This year, we continue to explore our relationship to the land with the theme, Piliʻāina – to have kinship with the land. Pili means to have a personal connection to or close relationship with someone or something. Hoapili means close or dear friend. All relationships need nurturing and attention. So how are you nurturing your pilina (connection) to the land? When was the last time you went hiking on a trail or walked and witnessed the wonder of our living reefs? It’s inspired by cliché, but when’s the last time you stopped to smell the flowers? Have you made a lei recently after picking the blossoms yourself? To be piliʻāina, you have to be in the land. You have to huli ka lima i lalo – your hands must be physically connecting with the flora and with the earth. Now that the world has reopened, it’s time for us to reconnect in old and new ways with the land. Instead of you leaving your mark, get out, explore, and appreciate the beauty of our world and let it leave its mark on you. Let’s pledge this year to rediscover and use traditional place names. Names like Lēʻahi, the traditional name for Diamond Head. Lēʻahi is a contraction of Laeʻahi (brow of the tuna). If you look at the profile of Lēʻahi, you can see how it got its name. Let’s also revisit the stories connected to these places, celebrating the associated wind names, rain names, mele (songs/poetry), and hula (dances). The lyrics of the mele, Lēʻahi, by Mary Pulaʻa Robins & John Noble tell a lovely story: “… Hōkū kau ʻale kai aʻo Māmala…,” “…Rising star of Māmala…” Māmala is the traditional name of Honolulu Habor, named in honor of a shark woman who dwelled in those waters. Knowing and using these traditional place names and their mele help us to deepen our pilina to the land. Do you know the traditional name of the land where you live? Do you know a mele and hula associated with this place? 2023 is our year to know, to sing, and to dance about the land.

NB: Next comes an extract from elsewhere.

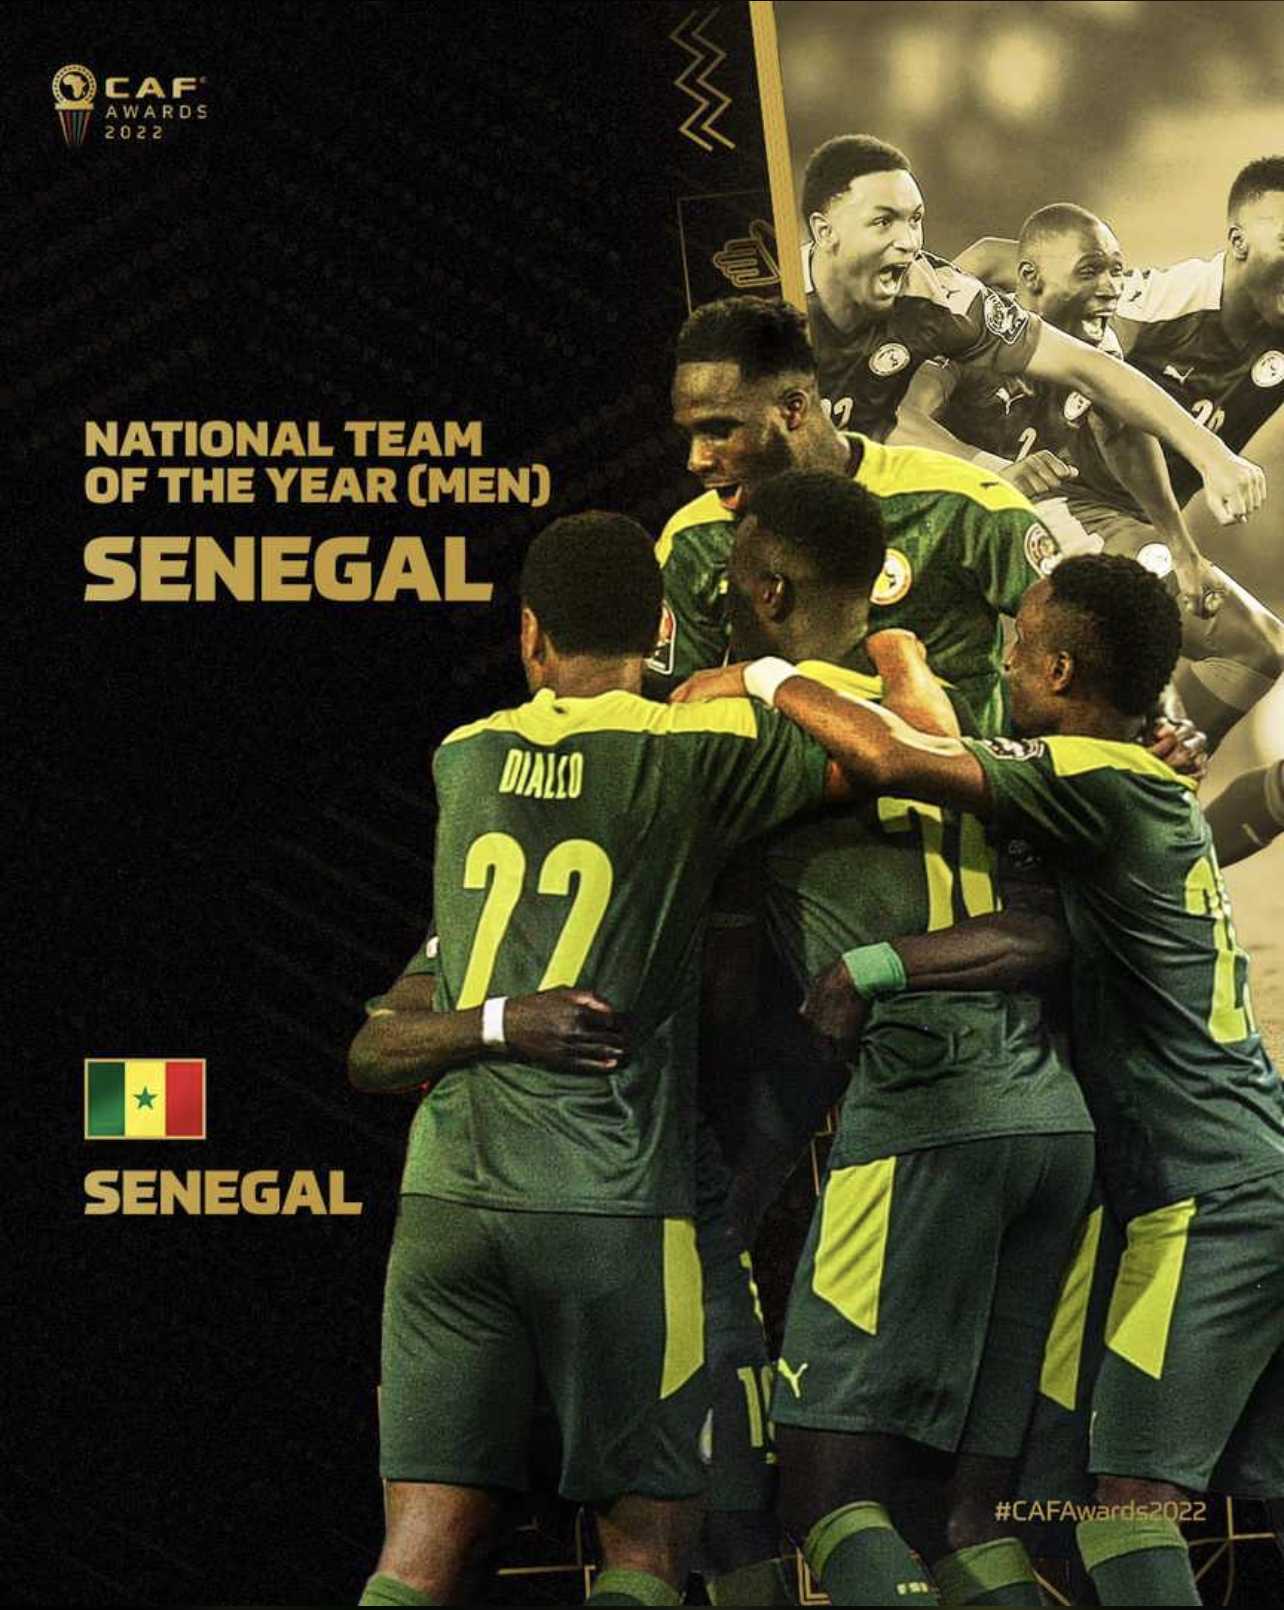 Le Sénégal est devenu le cinquième candidat et le septième pays à présenter une candidature pour l'organisation de la Coupe d'Afrique des Nations (CAN) en 2027. Le pays a officiellement déposé sa candidature lundi.

Saturday. Sept. 9, 2023 | 4 – 6 p.m.
Location to be announced
Accompanied by hula, chant and pageantry, the Royal Court is introduced to kick off Aloha Festivals.
Saturday, Sept. 23, 2023 | 6 – 9:30 p.m.
Location: Kalākaua Avenue
The Waikīkī Ho‘olaule‘a is Hawai‘i’s largest annual block party featuring local food, music and entertainment.
Saturday, Sept. 30, 2023 | 9 a.m. – 12 p.m.
Location: from Ala Moana Park through Kalākaua Avenue to Kapi‘olani Park
Witness a colorful procession of horseback riders, performances and floats covered with Hawaiian flowers.